Thank you so much! You explained this really well and with enough detail to answer any followup questions I would've had


----------



## charlieclouser (Jul 8, 2017)

There's also that Akitio box - basically the same as the OWC Thunderbay-Mini, but with a switch on the back to disable the fan (yay!) and also a DisplayPort pass-through / peel-off so you can connect it to a computer, daisy-chain to another Thunderbolt device, AND connect a display right to it. Pretty cool. An interesting alternative to the OWC perhaps? I've never seen one in person though.

https://www.akitio.com/portable-storage/akitio-thunder3-quad-mini


----------



## Silence-is-Golden (Jul 12, 2017)

What are the main differences between multidock 1 and 2?
Is it only the extra thunderbolt port and thunderbolt 1 vs 2?
I cant find enough data on the older multidock.

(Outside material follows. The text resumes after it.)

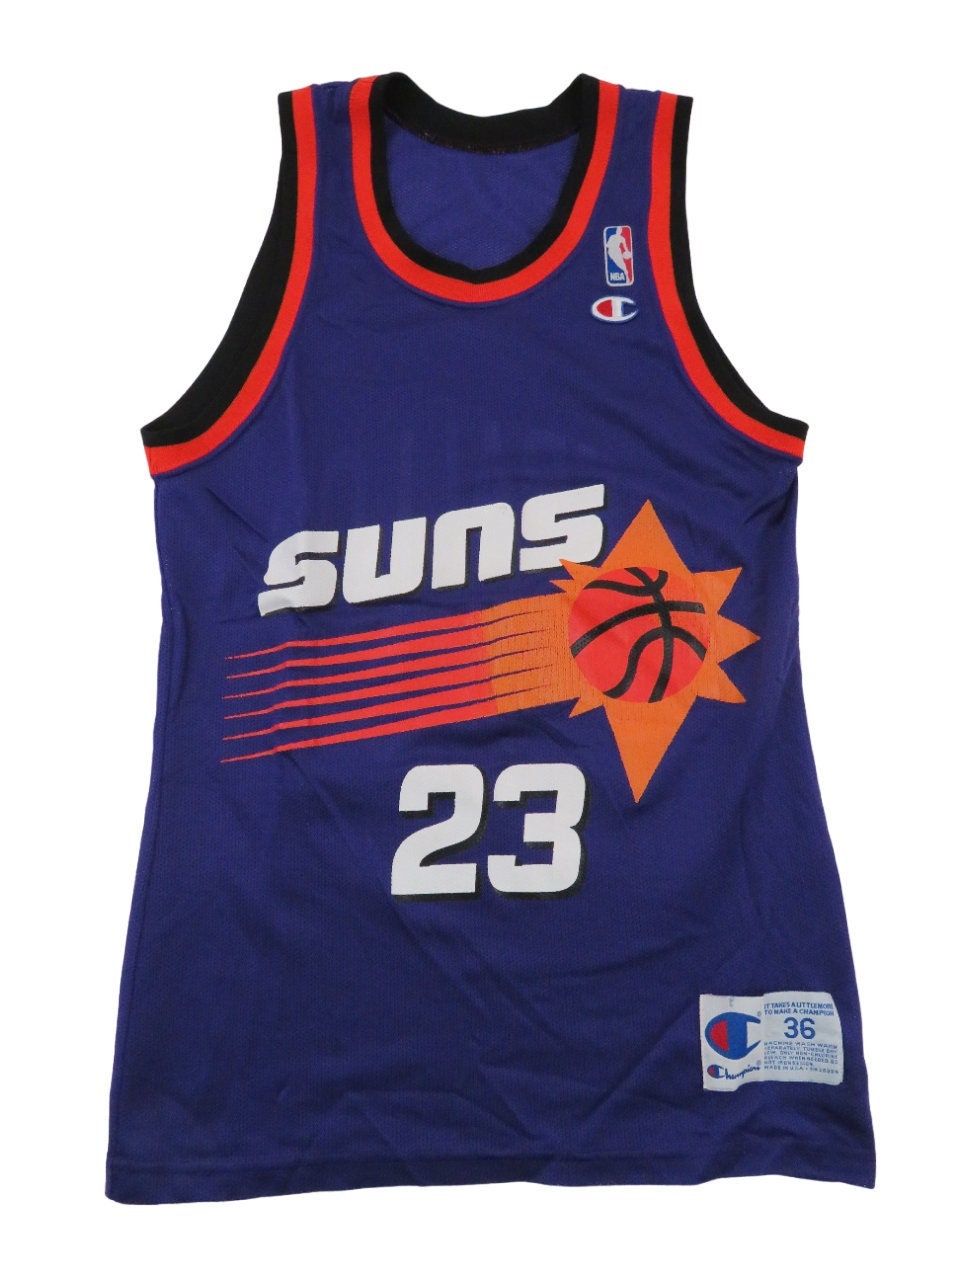 Rare Phoenix Suns Stephon Marbury Stitched Reebok Basketball Jersey Mens 56
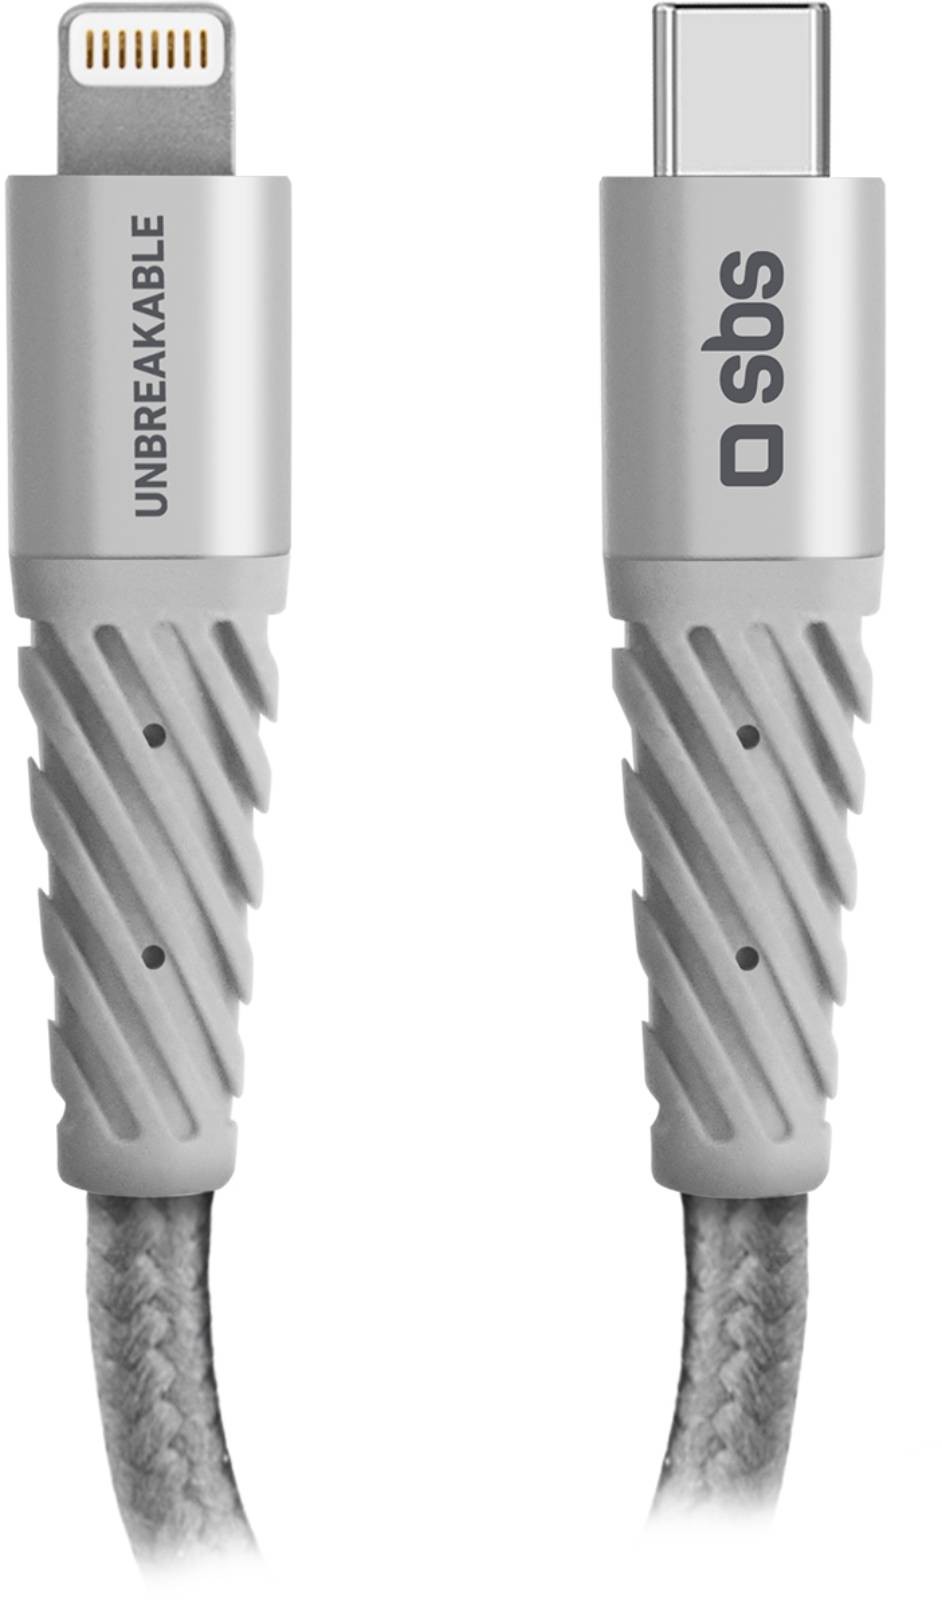 SBS Câble USB   CABLEUSBC-LIGHTNING

Addition to OP's considerations: I use Angelbird SSD's work for Mac.
VSL recommended.


----------



## synthpunk (Jul 12, 2017)

The first Multidock only had speeds of up to SATA 2 standards.



Silence-is-Golden said:


> What are the main differences between multidock 1 and 2?
> Is it only the extra thunderbolt port and thunderbolt 1 vs 2?
> I cant find enough data on the older multidock.
> 
> ...


----------



## Silence-is-Golden (Jul 12, 2017)

Thanks synthpunk


synthpunk said:


> The first Multidock only had speeds of up to SATA 2 standards.


----------